Nearly ten percent of Israeli Jews live beyond the Green Line in Jerusalem and the West Bank. Critics point out that 80 percent of those Jews are clustered in relatively small areas, so “only” 20 percent need to be transferred (ethnically cleansed) from “Palestine.” That 20 percent represents a minimum of 80,000 Jews! Let’s not forget that Israel is still suffering greatly from the removal of 8,000 Jews from Gaza just four years ago. Inevitably, the expectation that Israel would receive peace for the evacuation from Gaza of our army and our citizens proved to be laughable.

Peace between Israelis and Palestinians obviously won’t come easily, no matter what the Obama administration dictates. The Palestinians will have to agree to significant changes to the 1949 armistice line to create a real border, or they must reconcile themselves to living with a significant Jewish minority in their new state – just like Israel did in 1948. (Israel’s Arab minority constitutes 20 percent of its population.) At this point, the Palestinians aren’t ready for either solution.

The Arabs have turned down every solution to achieve peace since 1947, when they rejected out of hand the U.N. Partition Plan for Palestine.
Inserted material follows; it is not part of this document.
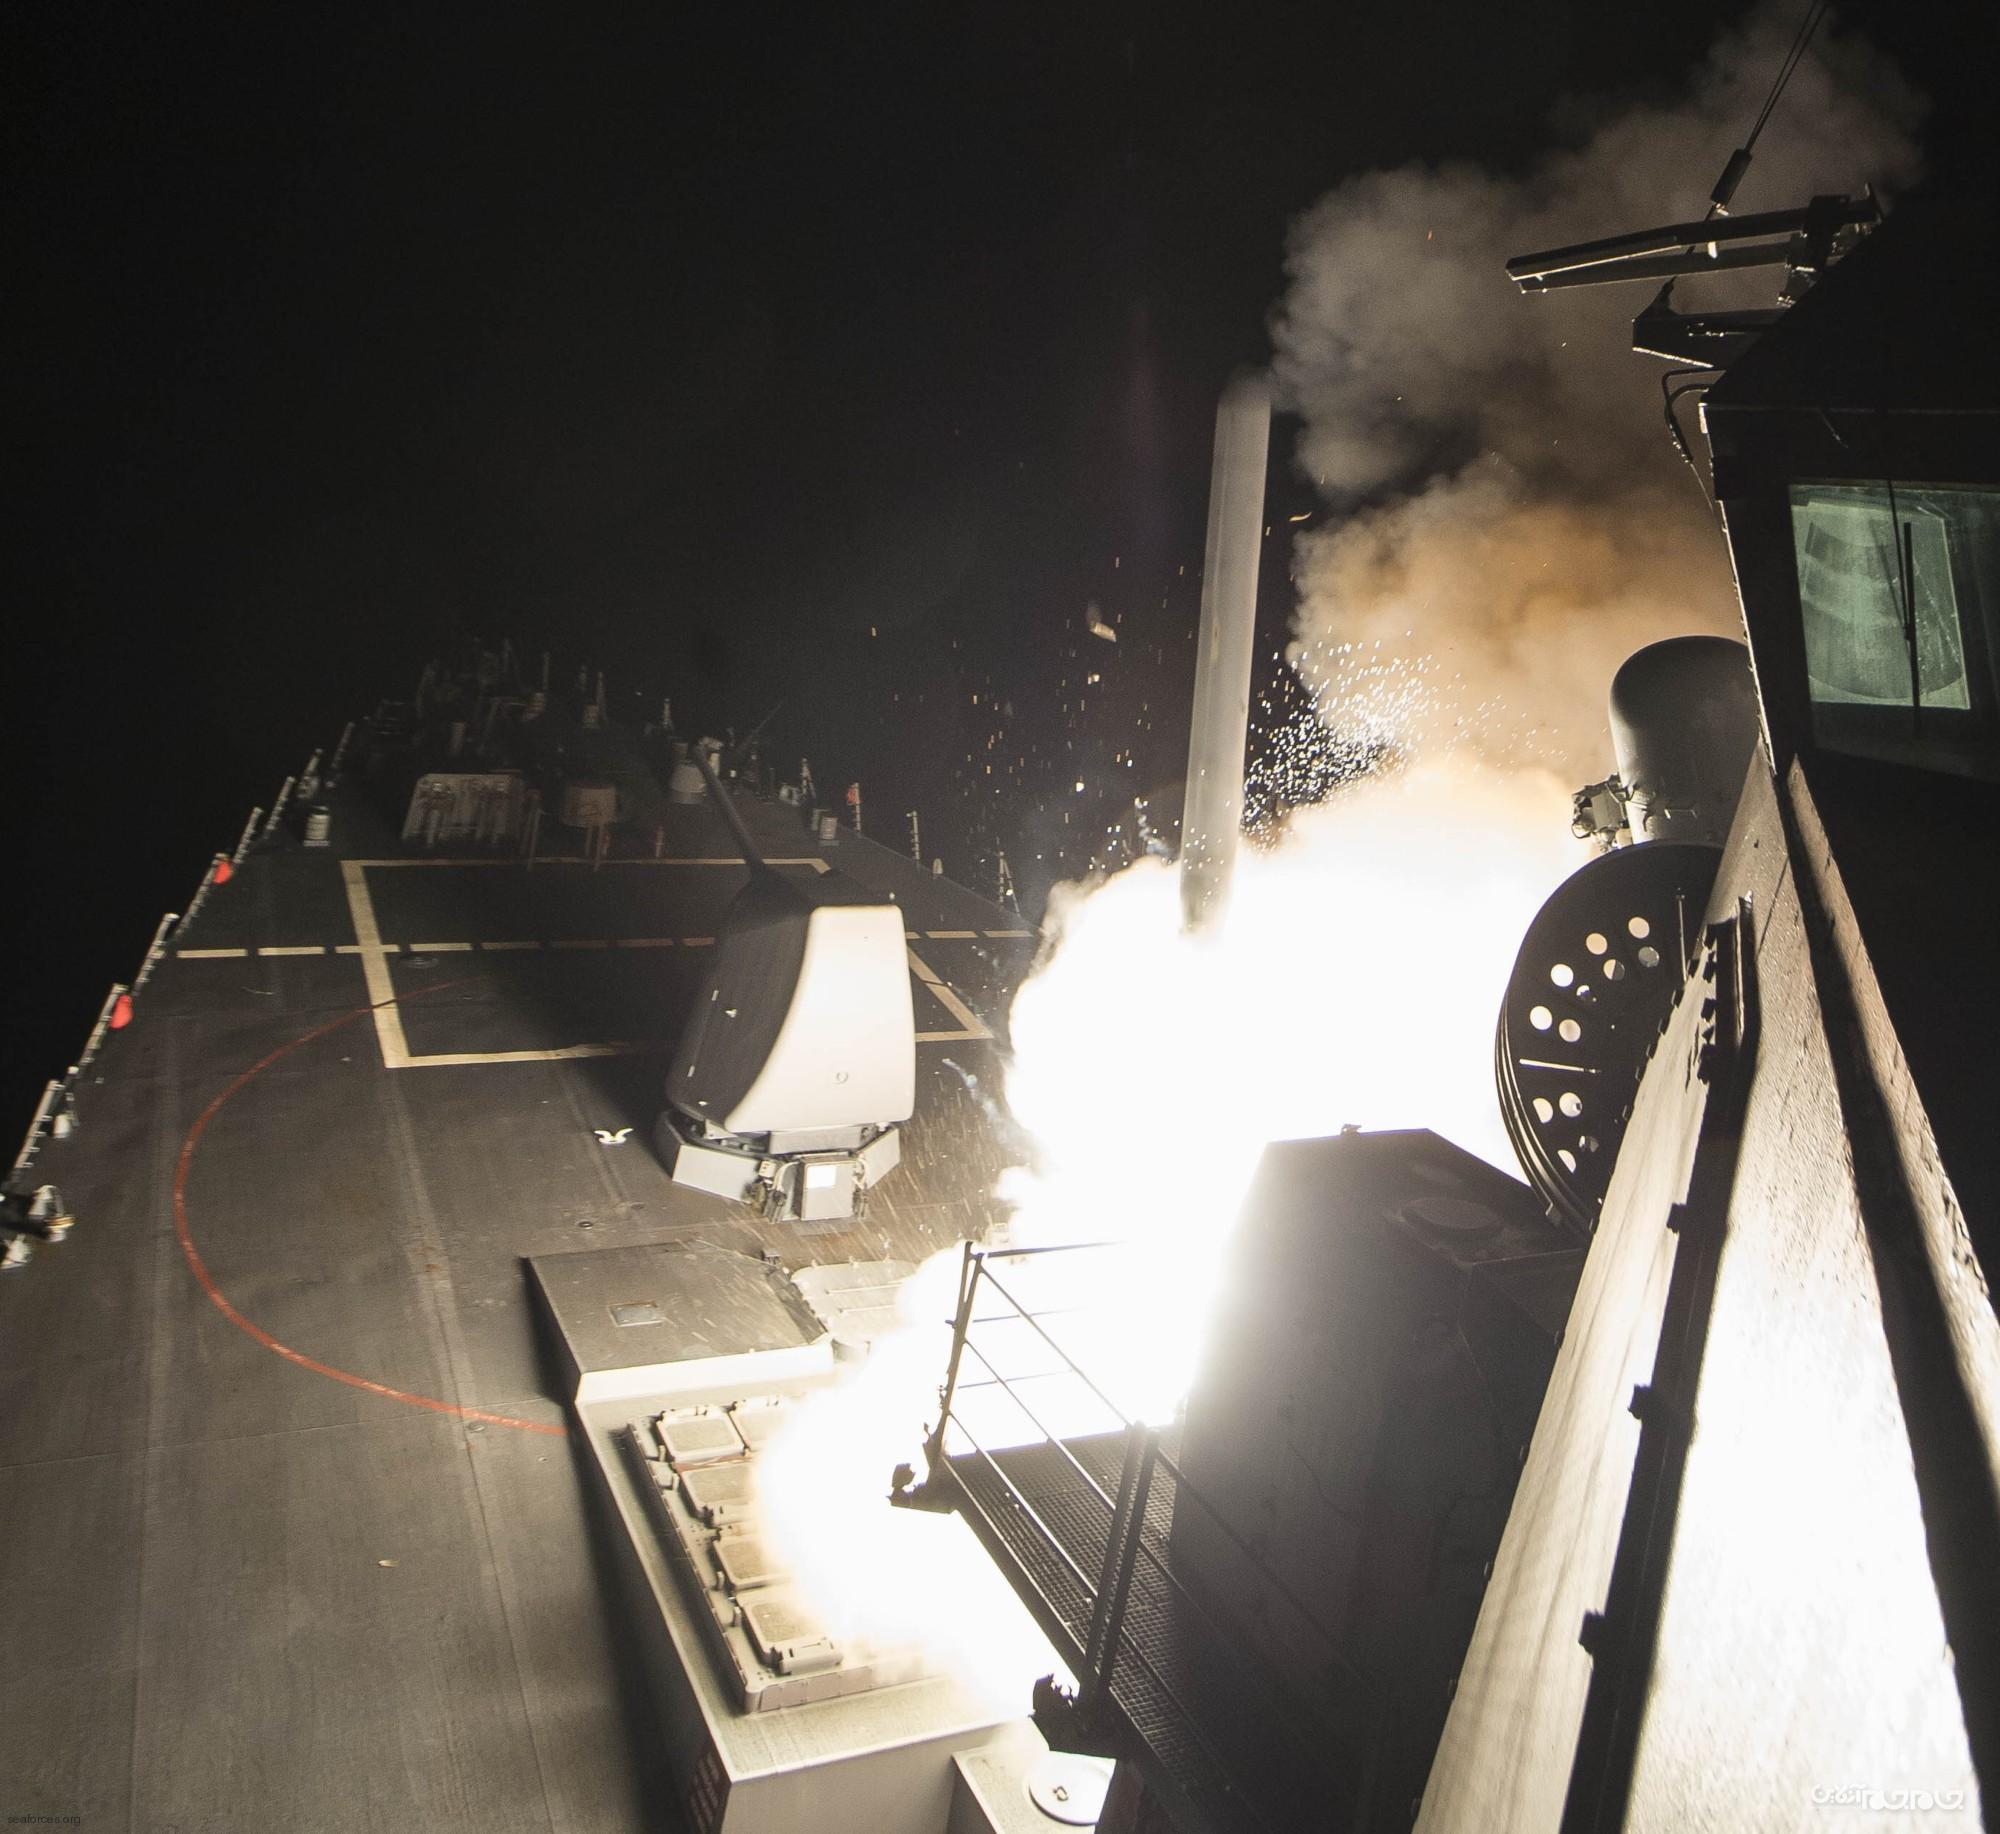 گافهای مهم ارتش آمریکا در حمله به «الشعیرات»/ دقیقترین موشکهای کروز به هدف نرسیدند! +عکس

In the meantime, both Israelis and Palestinians go about creating more facts (communities/settlements) on disputed ground wherever possible. Israeli construction is denounced by the United Nations while Palestinian construction is overlooked.

Because of the unintended consequences of the new administration’s foreign policy decisions in the Middle East, America has ended up with egg on its face. President Obama has made the intractable situation here a litmus test for his foreign relations policies. Unfortunately, peace is not on the horizon. A major factor precluding peace is that a terrorist organization rules in Gaza and the West’s chosen peacemaker, President Abbas, lacks the power to confront Hamas even if he wants to.

Above all, the Arabs covet the land that the Jews possess and won’t consider recognizing a Jewish state in their midst. Proof of this impasse is that Egypt and Jordan, each of which has a treaty with Israel, have never stopped their government-inspired incitement against Israel, which includes vicious anti-Semitic propaganda and the blacklisting of Arabs who have interaction with Israel. This provocation against Jews and Israelis is constant, despite the huge economic benefits that the two countries have accrued from the cessation of hostilities against Israel. As is usual in the Middle East, land is the key to the status quo.